Prometheus-operator: Monitoring Kubernetes PersistentVolumes

Created on 19 Jul 2017 · 30Comments · Source: prometheus-operator/prometheus-operator

What did you expect to see?
Metrics for PersistentVolumes (disk usage, size, free, io? ..)

Environment

Kubernetes version information:

Client Version: version.Info{Major:"1", Minor:"6", GitVersion:"v1.6.0", GitCommit:"fff5156092b56e6bd60fff75aad4dc9de6b6ef37", GitTreeState:"clean", BuildDate:"2017-03-28T16:36:33Z", GoVersion:"go1.7.5", Compiler:"gc", Platform:"darwin/amd64"}
Server Version: version.Info{Major:"1", Minor:"6", GitVersion:"v1.6.6", GitCommit:"7fa1c1756d8bc963f1a389f4a6937dc71f08ada2", GitTreeState:"clean", BuildDate:"2017-06-16T18:21:54Z", GoVersion:"go1.7.6", Compiler:"gc", Platform:"linux/amd64"}

Kubernetes cluster kind:
kops

Unsure if that's the right place to ask for that feature though... (should I do on prometheus/node_exporter ?)

It basically would be nice to monitor / alert if PVs are running out of storage..

Source

hartmut-pq

Most helpful comment

On Kubernetes v1.9.4-gke.1 there are metrics for persistent volumes available i.e.

curl -s localhost:10255/metrics | grep kafka-0
kubelet_volume_stats_available_bytes{namespace="default",persistentvolumeclaim="datadir-kafka-0"} 1.27256612864e+11
kubelet_volume_stats_capacity_bytes{namespace="default",persistentvolumeclaim="datadir-kafka-0"} 1.34208294912e+11
kubelet_volume_stats_inodes{namespace="default",persistentvolumeclaim="datadir-kafka-0"} 8.388608e+06
kubelet_volume_stats_inodes_free{namespace="default",persistentvolumeclaim="datadir-kafka-0"} 8.388593e+06
kubelet_volume_stats_inodes_used{namespace="default",persistentvolumeclaim="datadir-kafka-0"} 15
kubelet_volume_stats_used_bytes{namespace="default",persistentvolumeclaim="datadir-kafka-0"} 6.2959616e+07

gabreal on 28 Mar 2018

👍24

All 30 comments

I haven't actually looked into this in terms of PVs, but there are a bunch of container_fs_* metrics that are exposed by cAdvisor, those seem like what you are looking for, but as far as I can tell it's hard to make a connection as to which concrete PV a particular Pod has mounted.

brancz on 20 Jul 2017

@brancz thx a lot for pointing into an initial direction, I may have a look as soon as I've got some spare minutes.
I guess as long as I can trigger a alert at all that's a good start - even if no concrete PV may be resolved... will keep this thread up to date!

hartmut-pq on 20 Jul 2017

Awesome! Thanks a lot for all your insight and contributions @hartmut-pq !

brancz on 20 Jul 2017

Hi @hartmut-pq and @brancz,

I've been strugling myself trying to find the same information, because our PVs get filled and I haven't found any way to detect and alarm about it.
Checking the container_fs_* metrics there's no info at all about the filesystems (PVs) mounted in the containers, and it's very weird (i give you an example at the end).
Also, checking the node_exporter metrics (node_filesystem_size for example) of the cluster nodes themselves there's no info because the PVs are not mounted by the nodes.
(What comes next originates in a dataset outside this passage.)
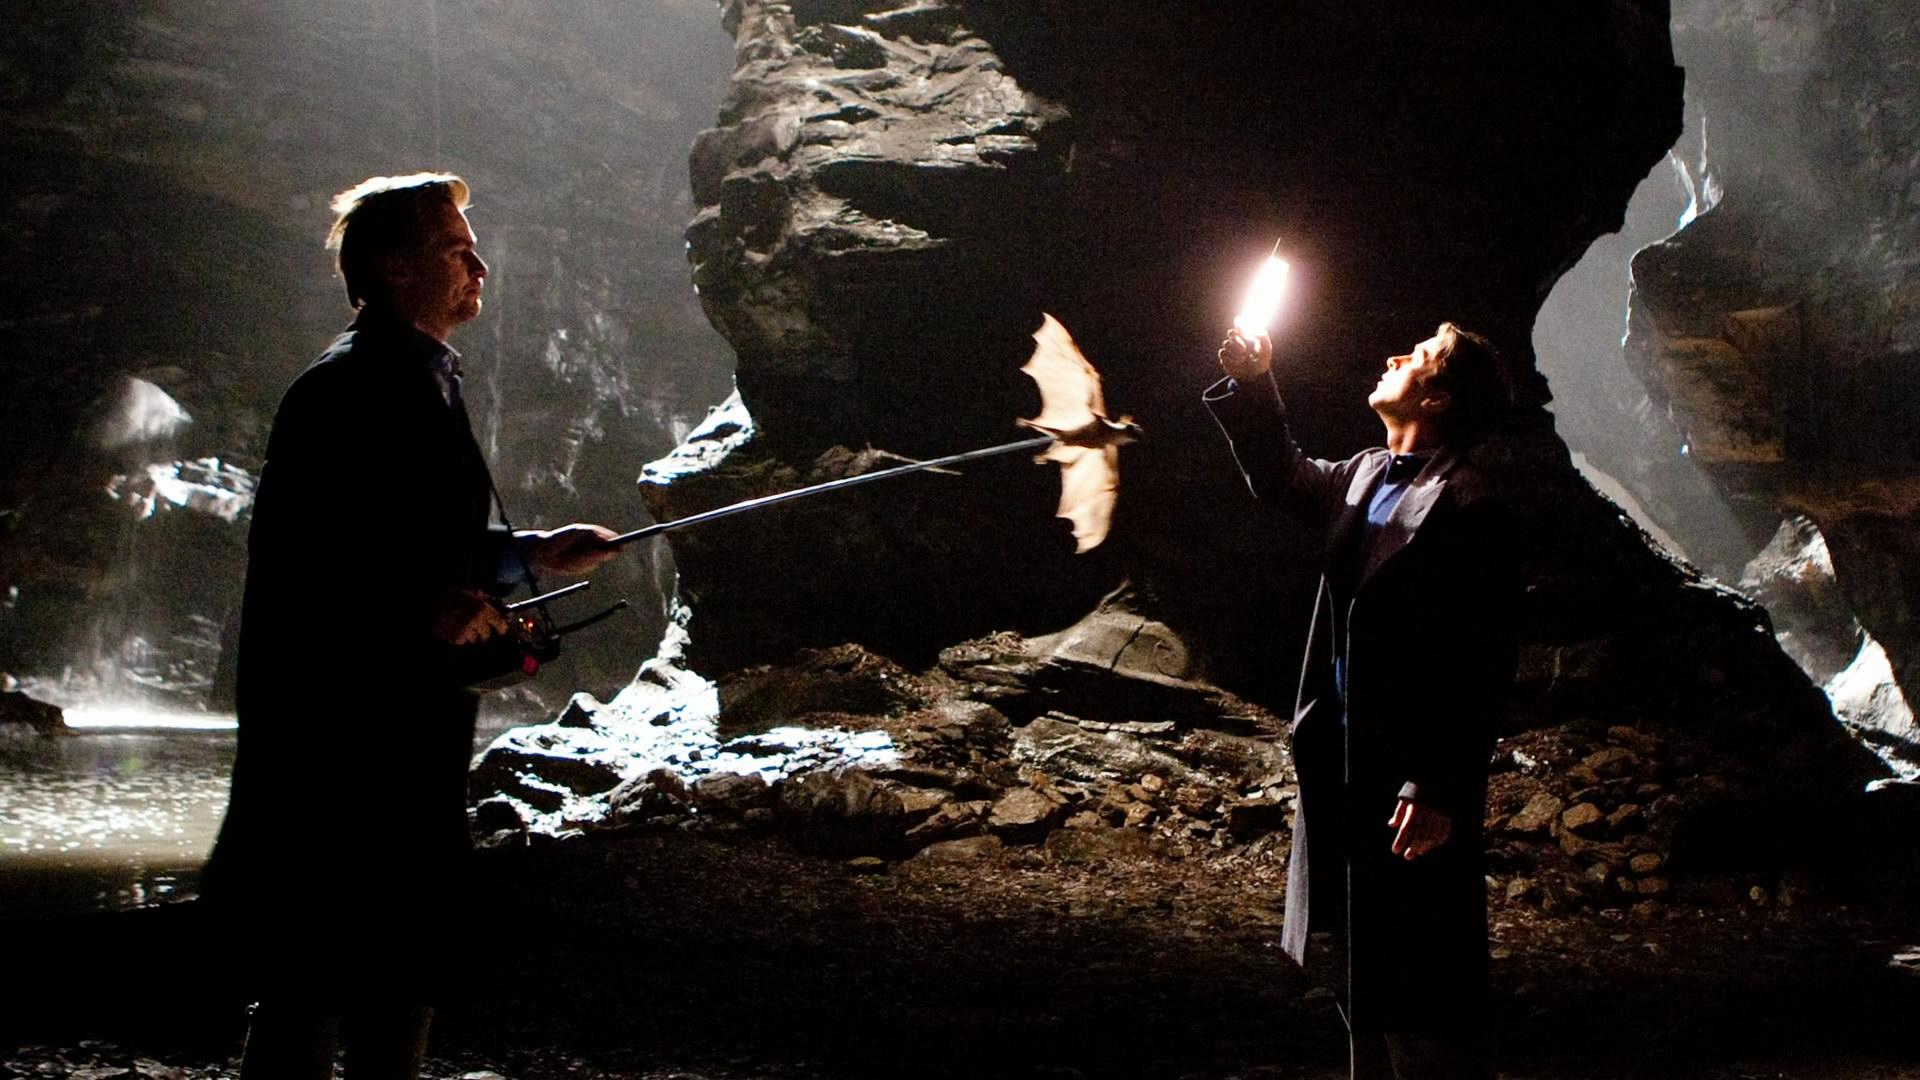 everything-batman-75-epic-images-in-honor-of-the-bat-batman-begins-batcave.jpeg

I think at the moment this is a lack of functionality in K8s 1.6 (of course not related with prometheus operator), and I have read that in 1.7 the plan was to provide PV related metrics directly by kubernetes controller-manager (and not by kubelet), but i'm not 100% sure.
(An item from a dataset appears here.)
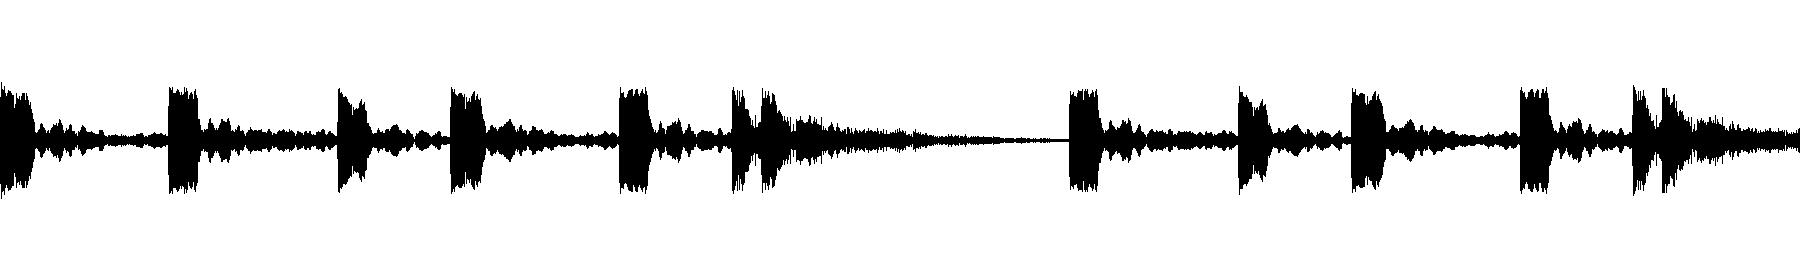 pth synth 25
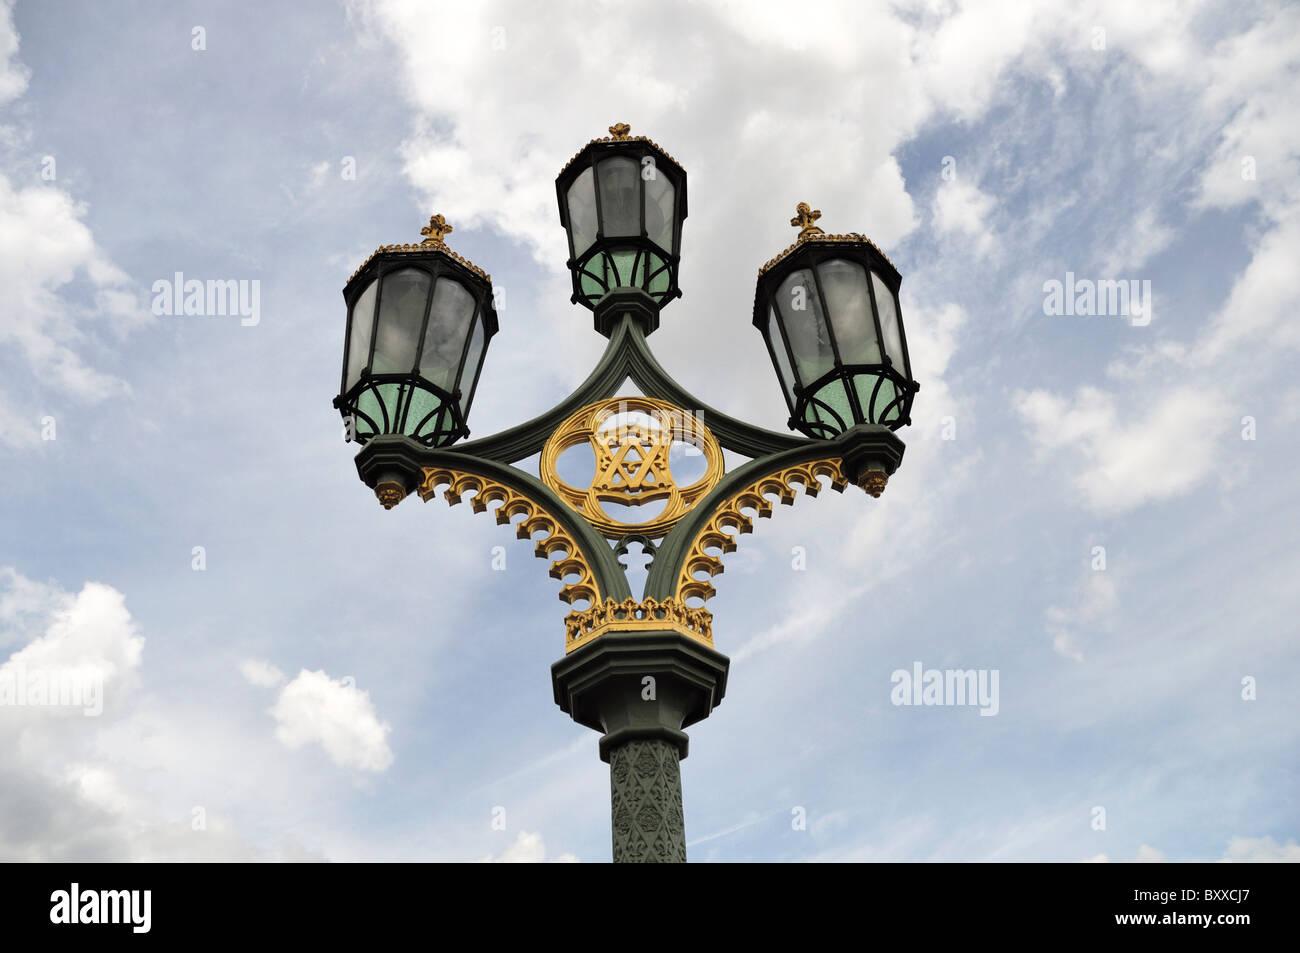 A London streetlight. - Stock Image

But if any of you find the way to get info about the usage (total space, used space, free space) of the PVs it will be great, because at the moment I feel we are blind.

The only valid info I have found is direclty in Kubelet here:
http://IP_node:10255/stats/summary
There we can see the persistent volumes information, but that's not translated to metrics anywhere yet, as far as I have seen....

Example1 (via kubelet metrics):
POD with one container and the following mounted "disks" (df -h directly from a bash of the container):
overlay 154G 12G 136G 9% /
/dev/xvdbk 20G 11G 7.7G 59% /kafka (THIS IS THE PERSISTENT VOLUME)
/dev/xvda1 154G 7.2G 140G 5% /etc/hosts

container_fs_usage_bytes information about that pod/container has only:
container_fs_usage_bytes{container_name="kafka",device="/dev/xvda1",.....}
Which represents actually the physical disk of the k8s node, owning the container.
But there's noting else about /dev/xvdbk, and that's what I would be looking for.

Is there a way to configure kubelet to report that as well?

My conclusion is that we have the metrics about the physical disk of the k8s node repeated many times at many levels, but there's no info about persistent volumes (or the associated devices) anywhere :(

Thanks and sorry for my long explanation!

eedugon on 21 Jul 2017

👍1

@eedugon thanks for the extended insight, very valuable! It was my suspicion that we won't get PV metrics from cAdvisor.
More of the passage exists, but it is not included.